Alycia Butterworth

Personal information
- Full name: Alycia Kaitlin Butterworth
- Born: October 1, 1992 (age 33) Prince Rupert, British Columbia, Canada
- Home town: Parksville, British Columbia
- Height: 168 cm (5 ft 6 in)

Sport
- University team: Idaho

Medal record
Women's track and field
Representing Canada
Pan American Games
| Silver medal – second place | 2023 Santiago | 3000 m steeplechase |

= Alycia Butterworth =

Canadian track and field athlete

Alycia Kaitlin Butterworth (born October 1, 1992) is a Canadian track and field athlete specializing in the 3000 metres steeplechase event.

==Career==
Butterworth competed collegiately for the Idaho Vandals in both track and cross country from 2010 to 2015. At the 2017 World Championships in Athletics in London, Butterworth finished 26th in the heats of the 3000 metres steeplechase.

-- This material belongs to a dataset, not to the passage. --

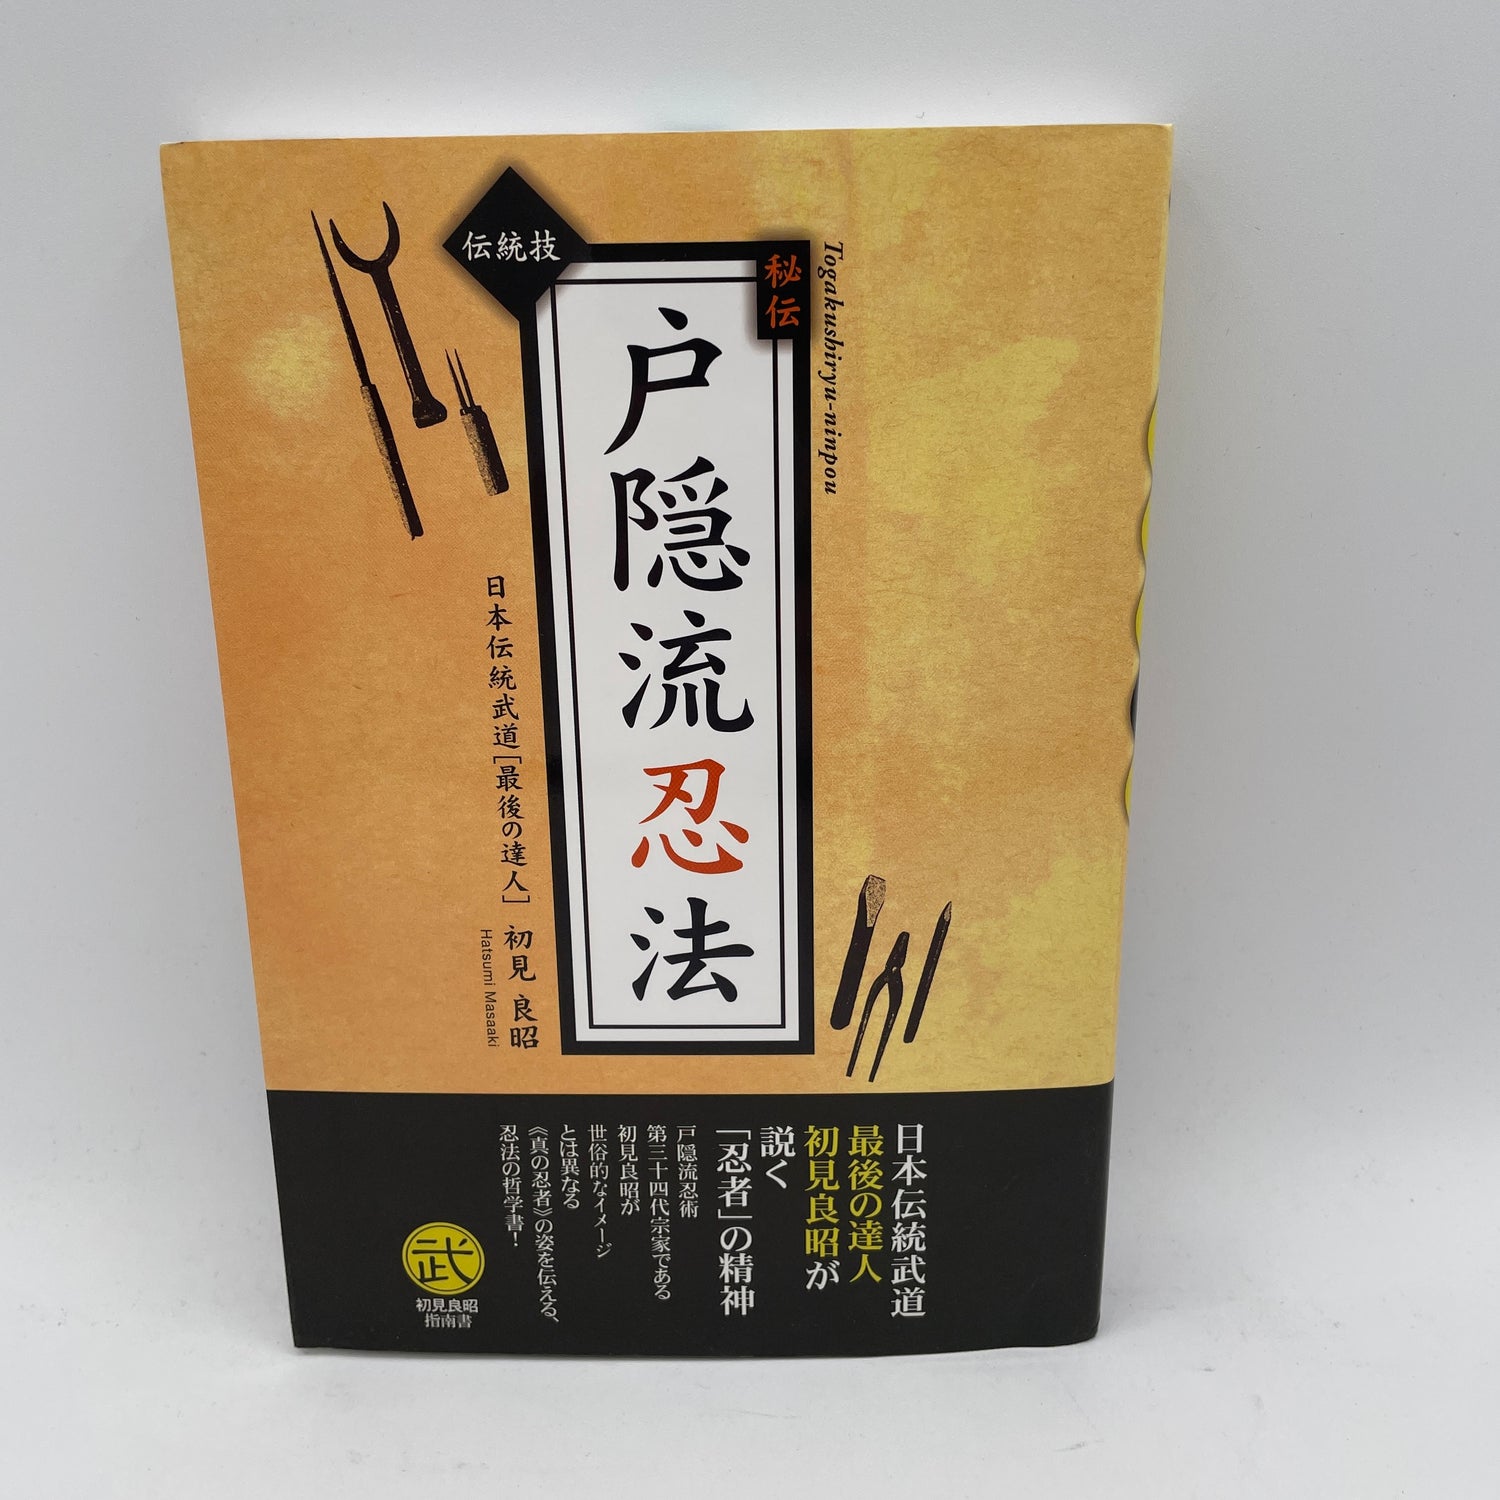 Libro Togakure Ryu Ninpo Taijutsu de Masaaki Hatsumi

In July 2021, Butterworth was named to Canada's 2020 Olympic team in the women's 3000 metres steeplechase where she finished the games in 24th place. Butterworth attended the 2023 Pan American Games as part of Canada's athletics team, she finished in second place one and half seconds behind Belen Casetta of Argentina to win silver. After the win Butterworth said that "In the final stretch, I was happy I could battle back from third to finish seconds. Santiago did an awesome job hosting."

==Personal==
Born in Prince Rupert, British Columbia, Butterworth's hometown is Parksville, British Columbia.